Law firm Chapman Tripp has taken it upon itself to summarise the business community’s expectations for National’s second term. From a summary in the NBR:
80% ‘starting out’ wage on the way
Further labour market deregulation will be among the ‘new’ government’s policy priorities, according to a Chapman Tripp report released this afternoon. Based on its manifesto, and National’s first-term track record, the law shop expects the new government to:
- remove the requirement to conclude collective contract negotiations
- remove the requirement that non-union members are employed under a collective agreement for the first 30 days
- allow employers to opt out of negotiations for a multi-employer collective employment contract
- allow employers to respond to partial strikes or other low-level industrial action with partial pay cuts
- extend flexible working arrangements (removing the 6-month rule before an employee can request a flexible working arrangement, removing the limits on the number of requests an employee can make in a 12-month period, extending the right to make a request to all employees, removing the requirement to invoke a formal process), and
- introduce a “Starting-Out Wage” set at 80% of the minimum wage for youth workers.

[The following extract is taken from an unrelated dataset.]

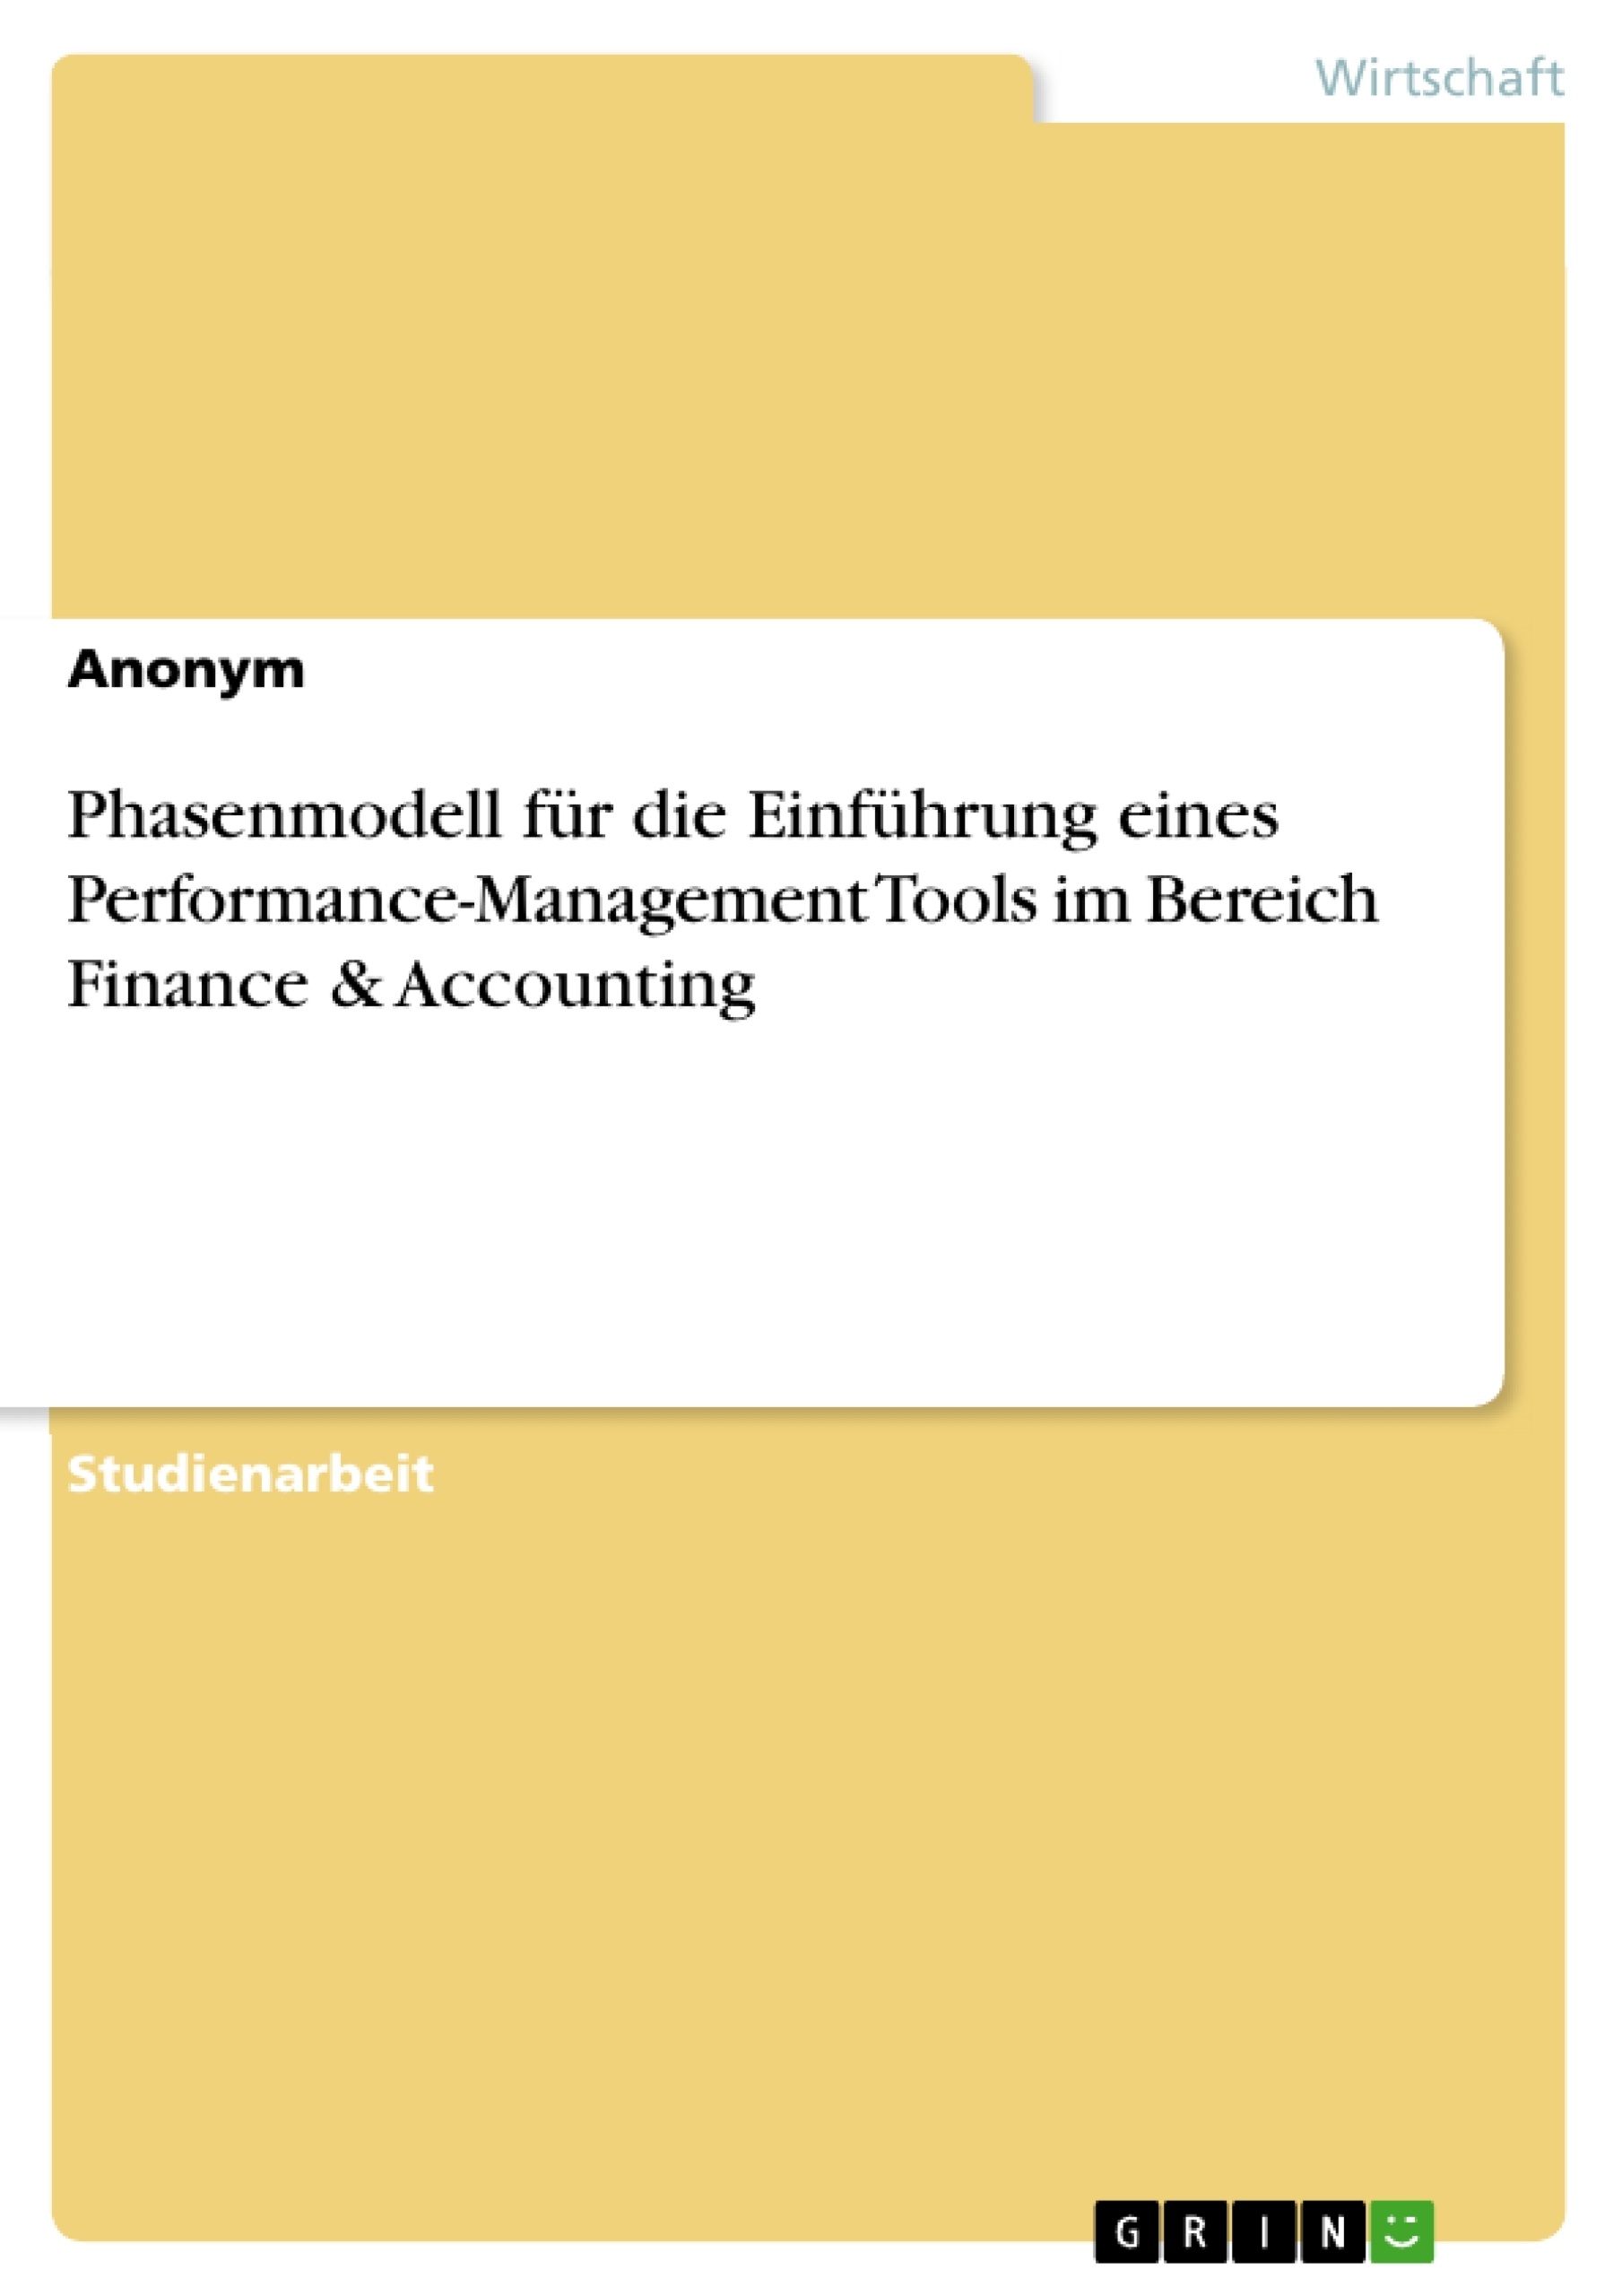 Title: Phasenmodell für die Einführung eines Performance-Management Tools im Bereich Finance & Accounting

National has also said that it will review constructive dismissal so that it is less available as “an allegation of last resort,” Chapman Tripp notes.
(See the original for further details of ACC plans.) Plenty of workers organised and campaigned and worked hard for parties of the Left last weekend (thank you one and all). But plenty didn’t even bother to vote. At what point will non voters connect the continuing erosion of their rights with politics, and realise that they have the power change the government? How bad will it have to get?